Юрковский хрипит свирепо. Нельзя, нельзя, Вова… Сто пятьдесят тысяч шагов. Осталось еще не меньше ста тысяч… и Гриша… Быков облизывает губы. Или это ему только кажется, что облизывает? Вот в Пяти сантиметрах от лица черный прохладный наконечник…
Ну, по сути-то дела, зачем все это? Идти, мучиться… Дело сделано. Далеко позади зарево Голконды пляшет отсветами на гладкой стали башенок маяков. Скоро — может быть, очень скоро — здесь опустятся планетолеты, и бодрые, веселые люди начнут на стоящий штурм. Сильные, здоровые, пьющие много свежего, прохладного лимонного сока. И Голконда сдастся. Это уже не зависит от двух измотанных теней в силикетовых костюмах. Что мешает им упасть, напиться вволю холодной влаги и заснуть в песке?
Это так… Хорошо бы лечь, вытянуть обессилевшие ноги, напиться и заснуть. Пусть черный ветер наметает над ними песчаный холмик… Просто и чертовски соблазнительно. А для начала снять с шеи стокилограммовый автомат. Да ну его к черту! Зачем он здесь нужен, в мертвых песках? Тут уже давно все вымерло: всякому ясно, что лучше всего в этой пустыне лечь, напиться вволю — есть еще больше полулитра сока в термосе! — и подождать, пока тебя занесет песком.

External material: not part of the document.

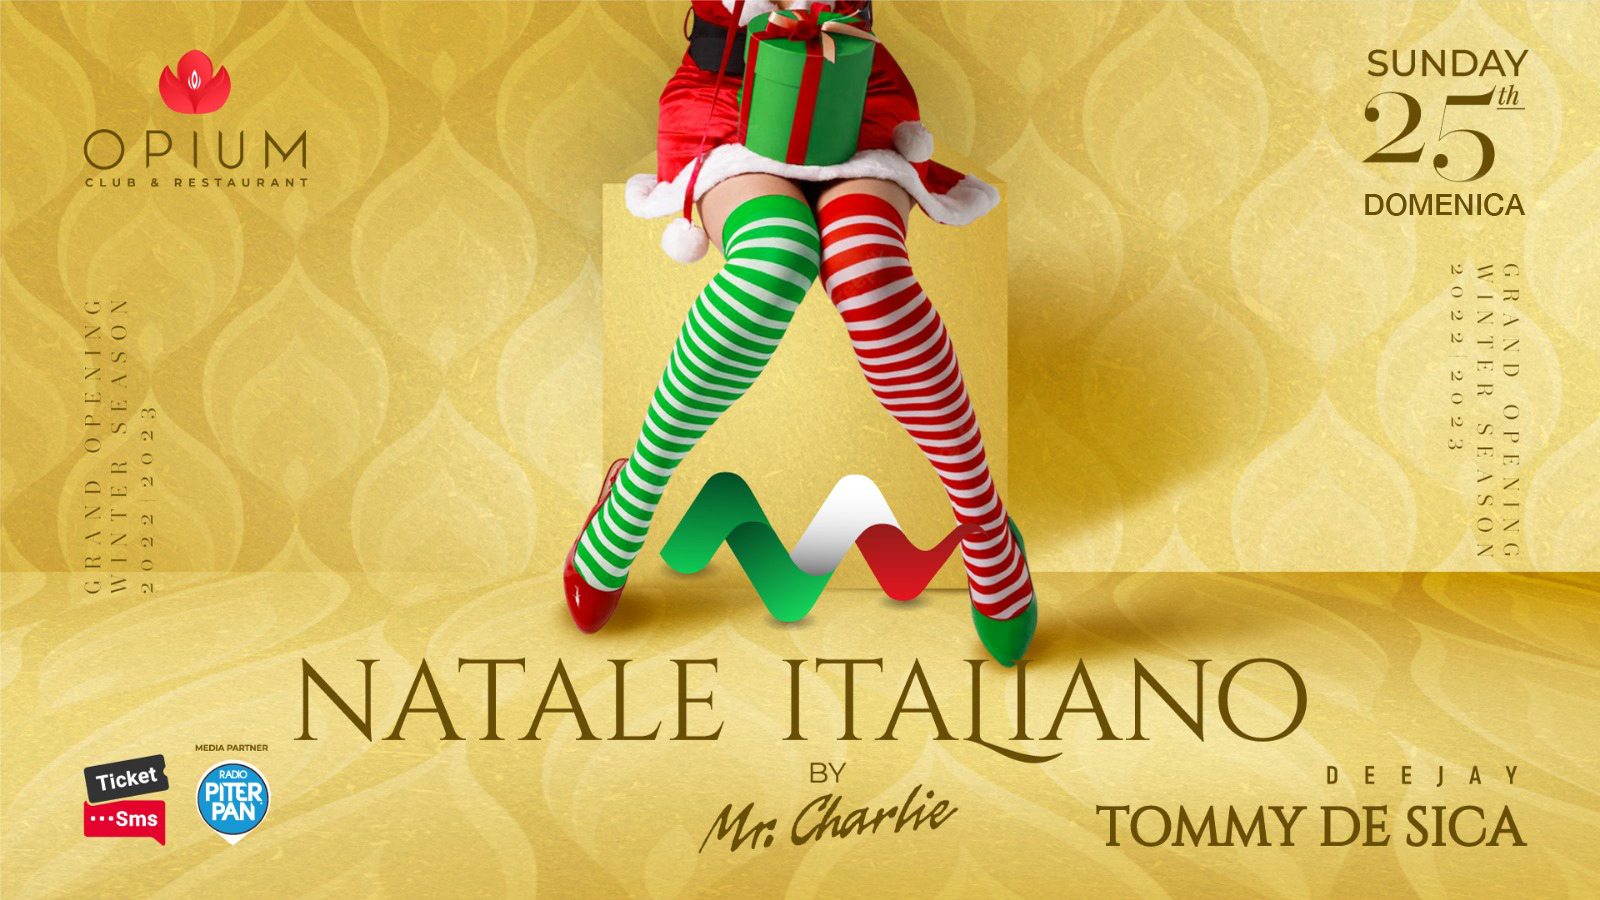 OPIUM - NATALE ITALIANO by Mr.Charlie
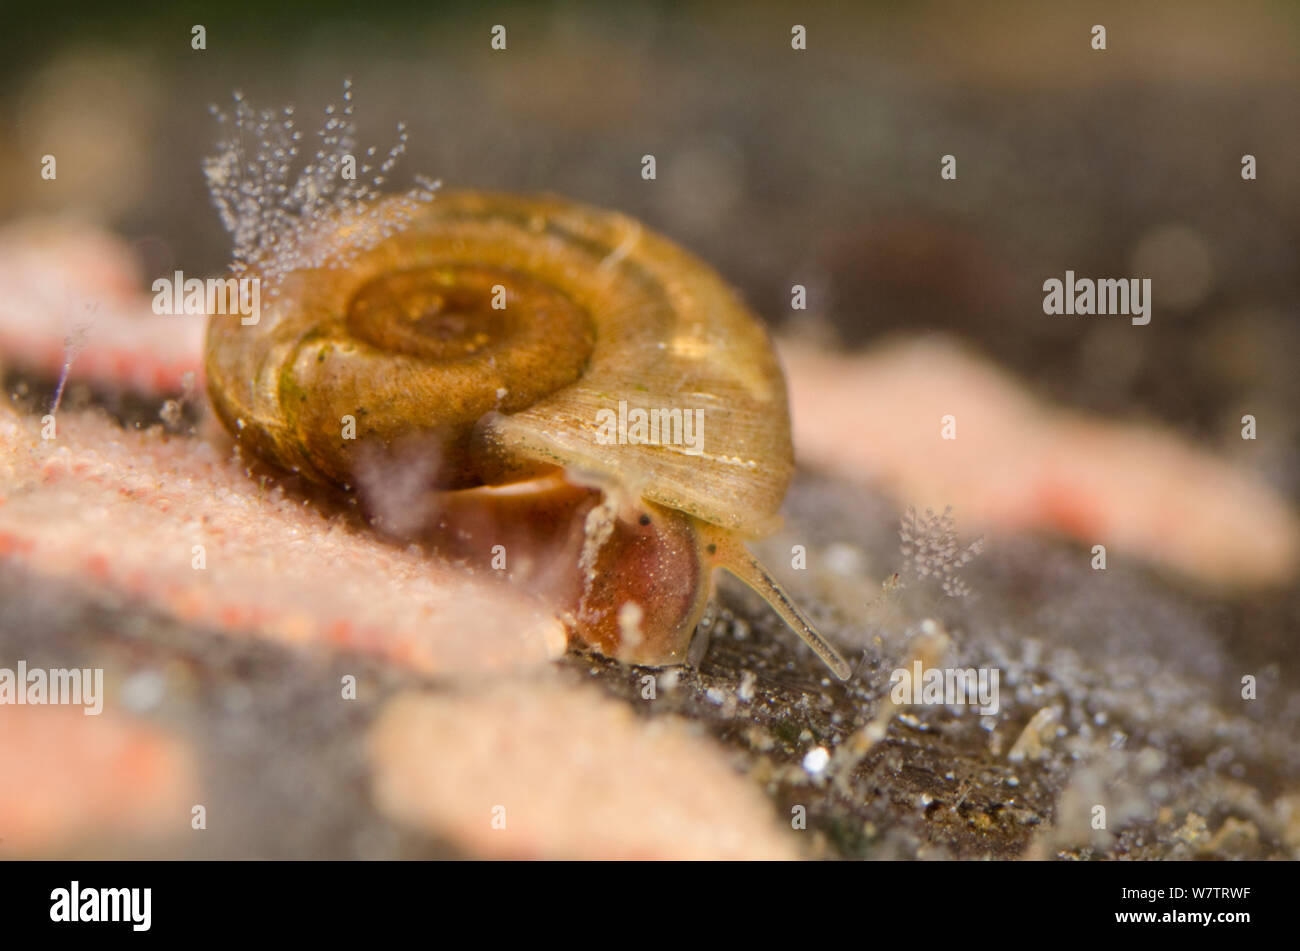 Caracoles de agua dulce (Planorbidae) rastreo entre colonias de ciliados (Carchesium) Europa, Julio, condiciones controladas Foto de stock

Правда, впереди болото, там нельзя без оружия. И там сидит в «Хиусе» Михаил Антонович и ждет. У него есть вода — много воды! — и лимонад — много холодного шипящего лимонада! — но он должен сидеть там один и ждать. Они лягут здесь и уснут, а он будет ждать, будет мучиться бессонницей, часами сидеть у радиоприборов. Он не улетит без них, не улетит, пока не дождется хоть какой-нибудь вести… может быть, даже сам пойдет искать их, нарушая все инструкции. Он ведь не знает, что здесь нельзя жить, если нет большого, очень большого количества свежей, прохладной влаги…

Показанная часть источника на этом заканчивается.